Why is almost everything in the API final
Richard Bair
richard.bair at oracle.com
Tue Sep 3 16:31:24 PDT 2013
>> None of these points are suggesting the problem is with WebStart's implementation, they all hold even if WebStart were completely bug free. They're just the natural side-effect of a shared install system.
> Actually, one of the best things of Java is that in like 99.9% of the cases, my app will run flawlessly on whatever version of the JDK or JRE is installed... on multiple platforms. If Java goes down the road of requiring testing against a specific JRE (and thus specific platform by extension) then that is its biggest advantage lost.
>
> In fact, any framework that does not aspire to do the same (being backwards compatible to a flaw) is not a framework I'll consider for production use. I want to be able to upgrade, and at most run my unit tests to have the confidence that it will perform as expected. There can always be mistakes, both in the frameworks or in my code doing something that was undocumented or incorrectly interpreted, but in the end backwards compatibility is what makes or breaks a framework -- a big reason for that is that such frameworks are actually designed with some care, exactly because they aspire to be backward compatible... and a good API is everything.

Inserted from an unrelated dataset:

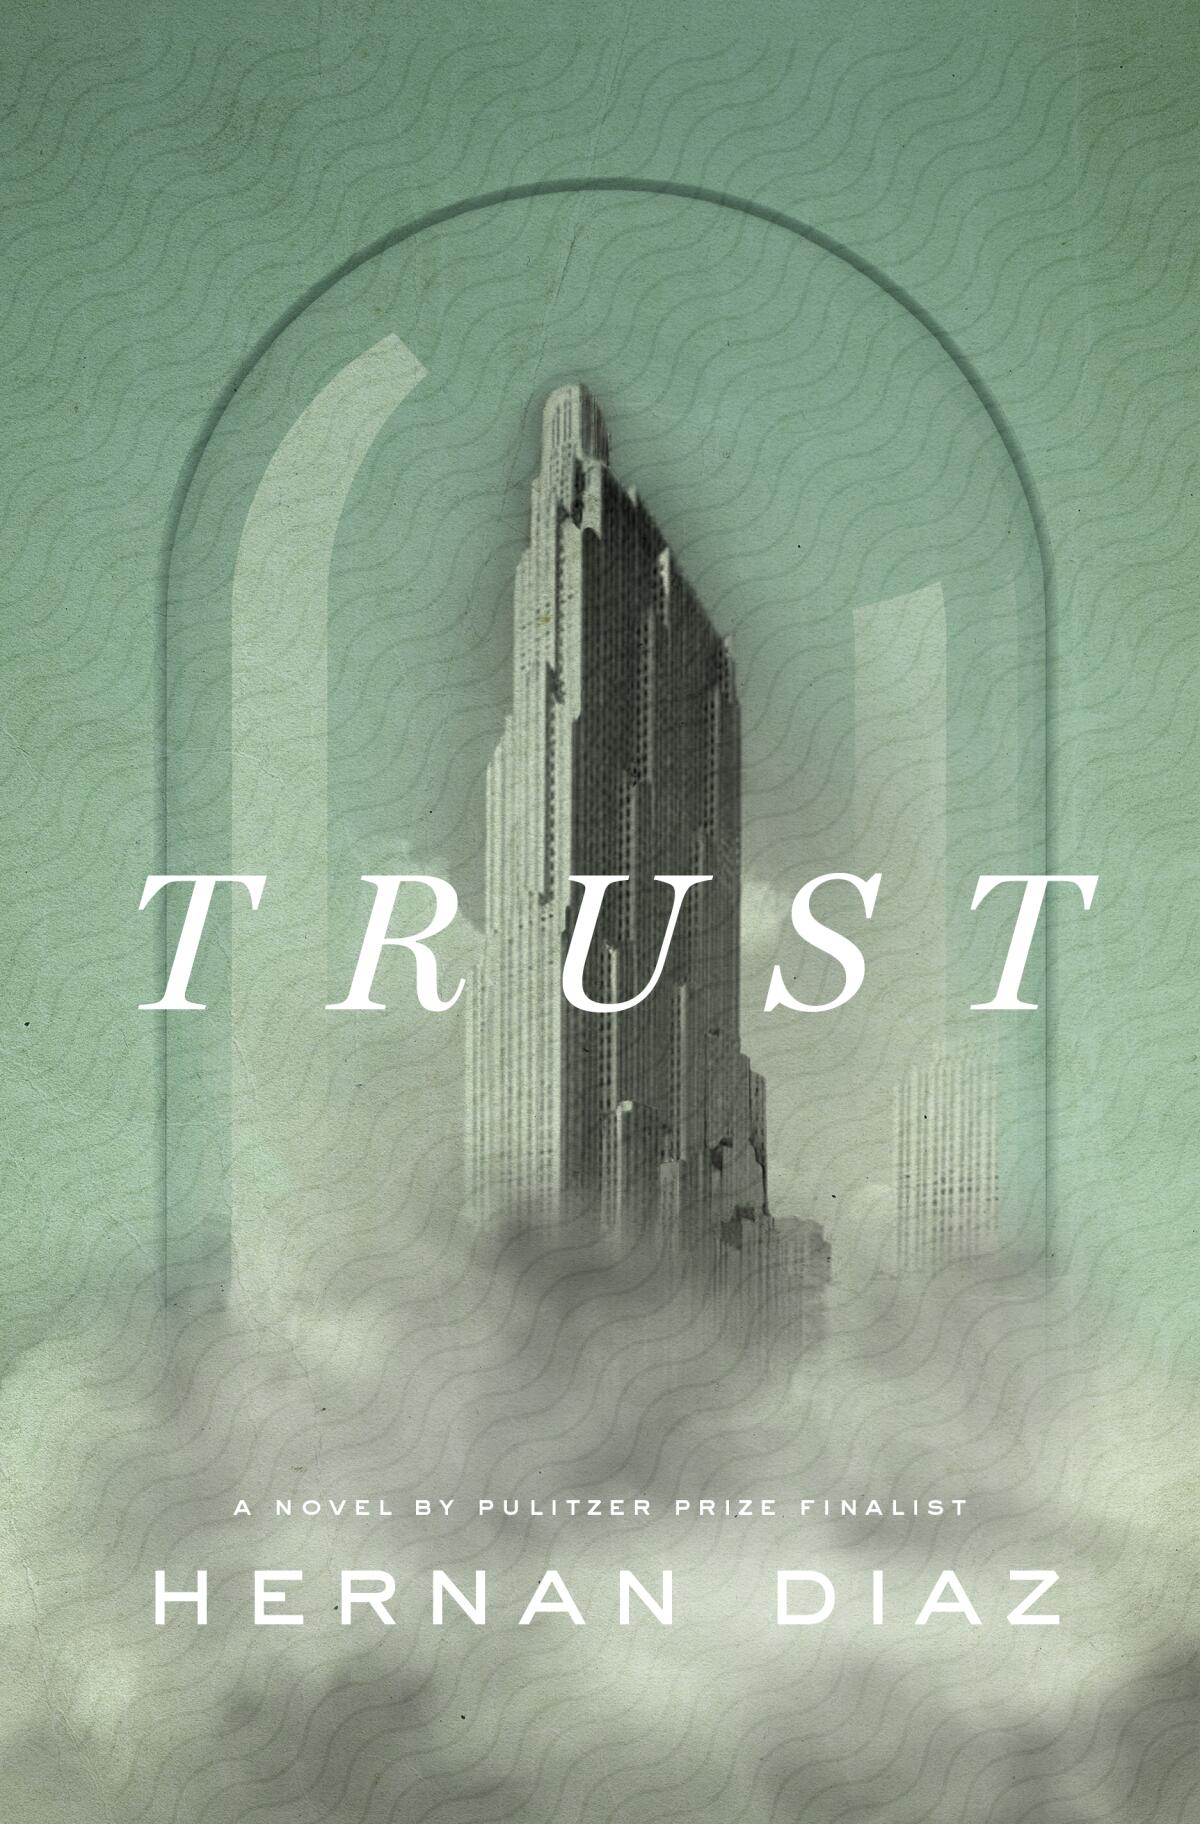 "Trust" by Hernan Diaz, cover shows skyscraper encased in glass 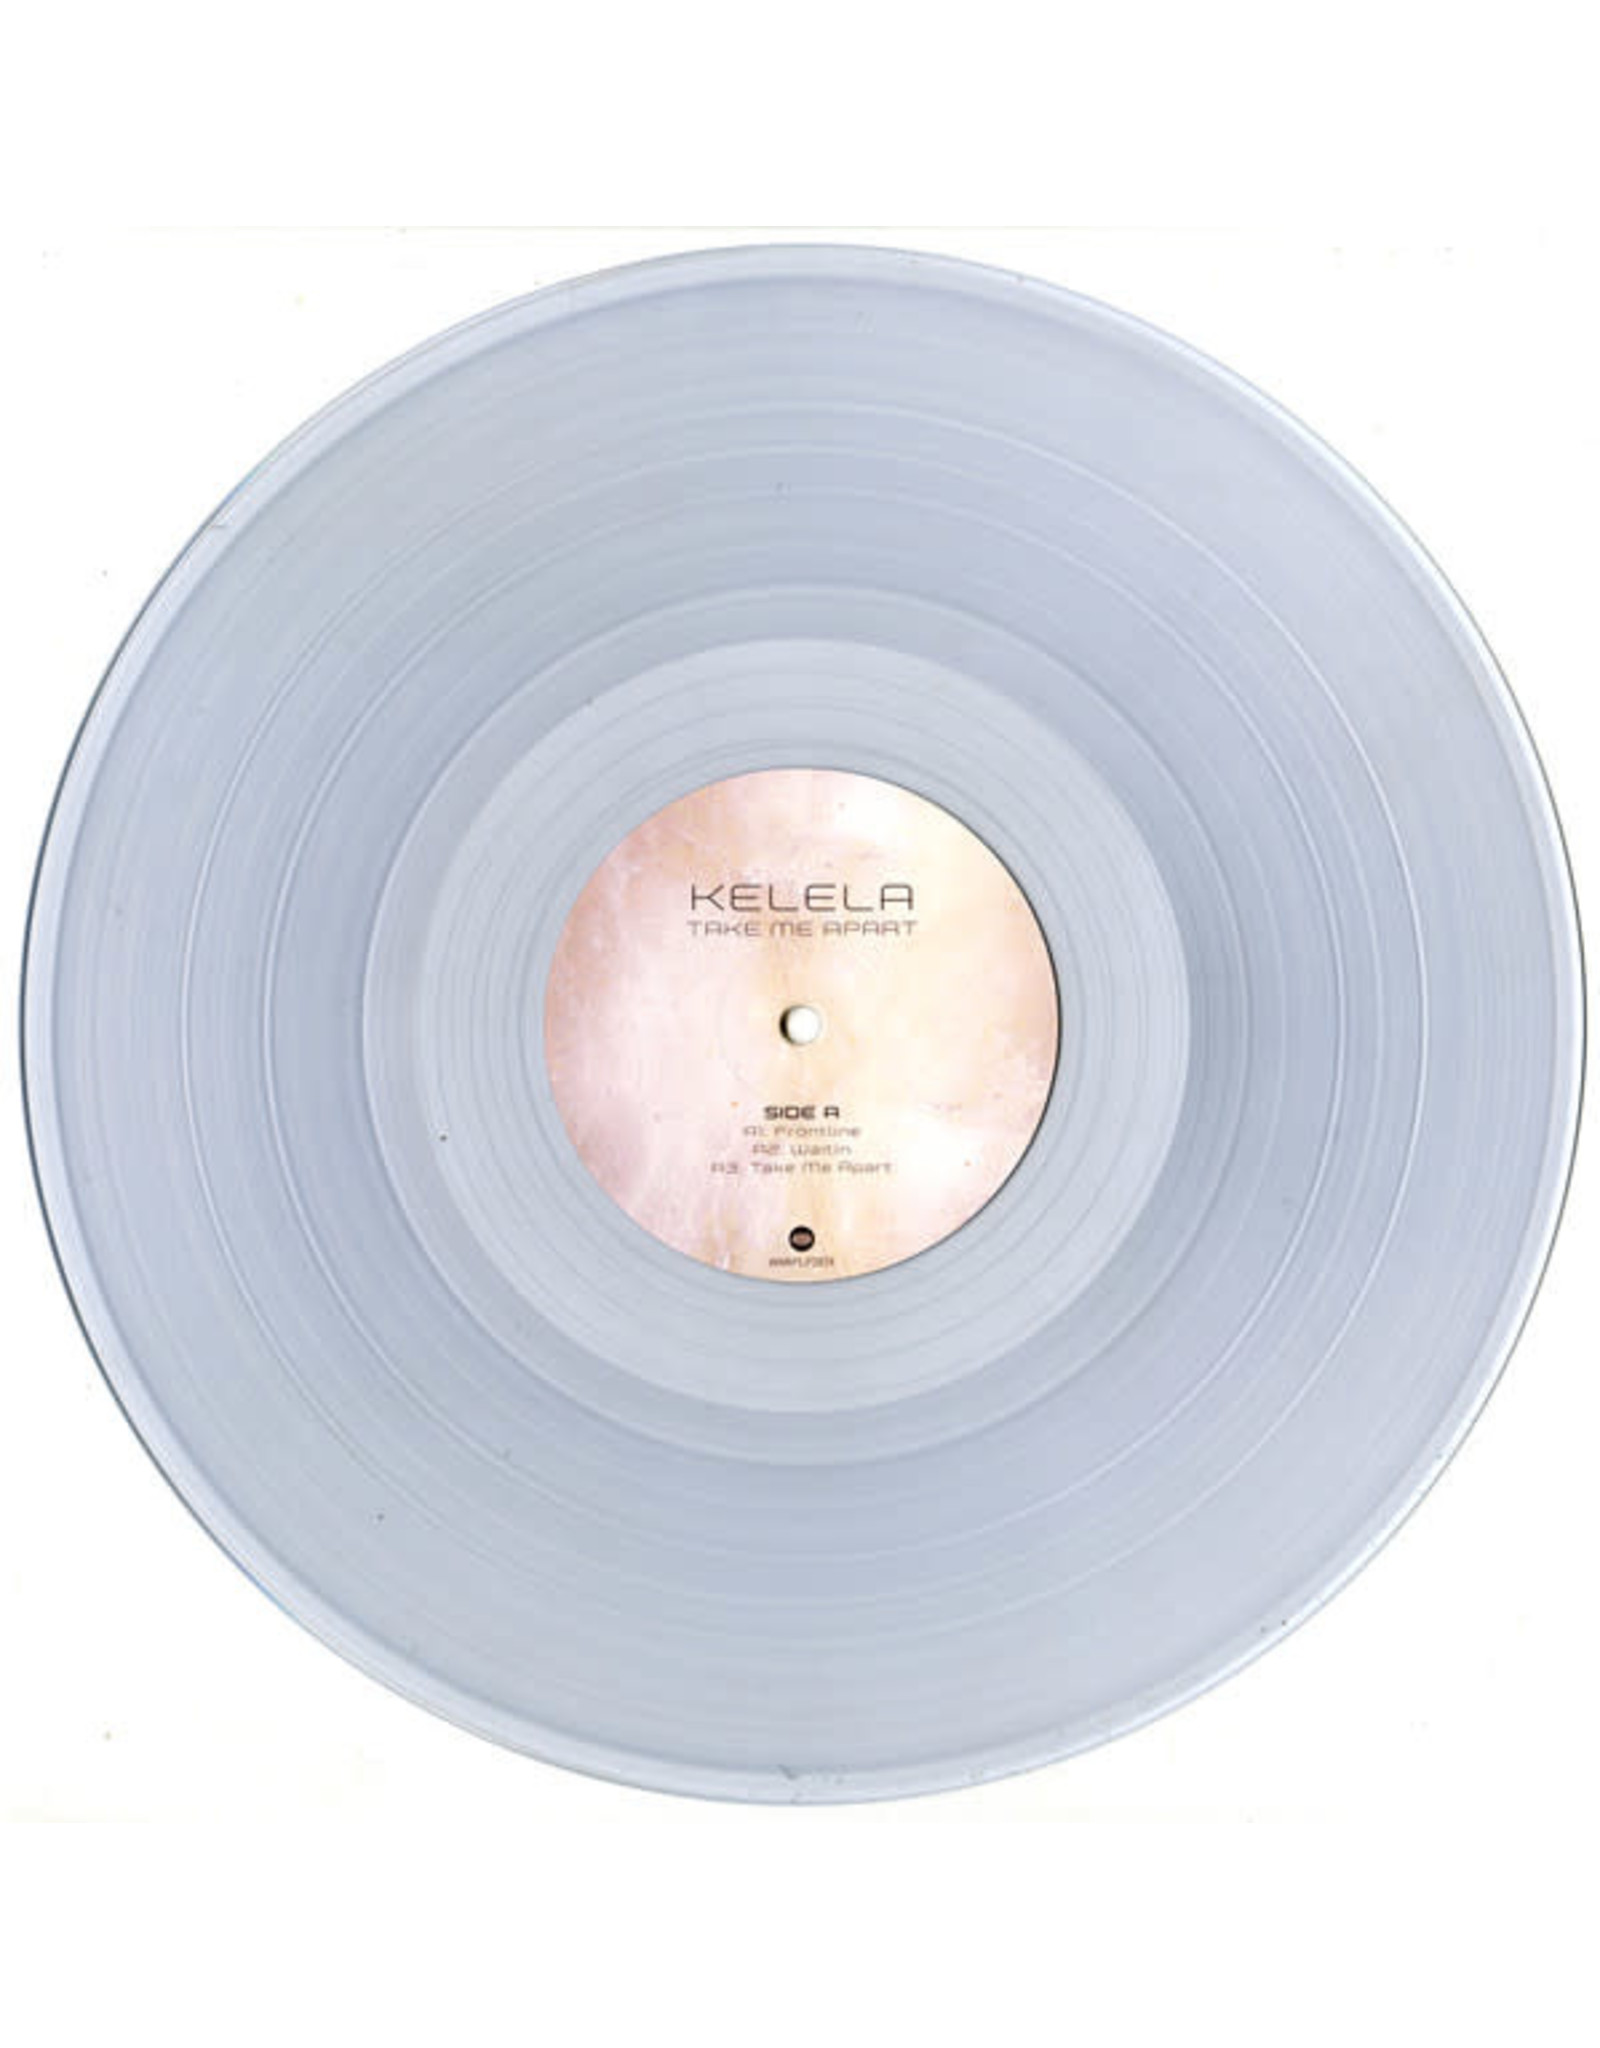 Kelela - Take Me Apart (Clear Vinyl)

When you have 9 million developers and hundreds of millions of apps, any change we make breaks somebody. Every bug fix. Everything. For any one developer the chance of breakage may be less or greater (we get reports from some customers who spend 6 months fixing breaks between major releases and others from developers who've never experienced a break). Having seen the carnage, I myself would avoid using a shared install if possible.
That is a separate issue from trying to maintain backwards compatibility. Having to rewrite a large chunk of your app to move from version N to N+1 is obviously not desirable, but having sat in this seat for a while now, I wouldn't personally risk running my app against any random release of *anybodies library*, if I could help it.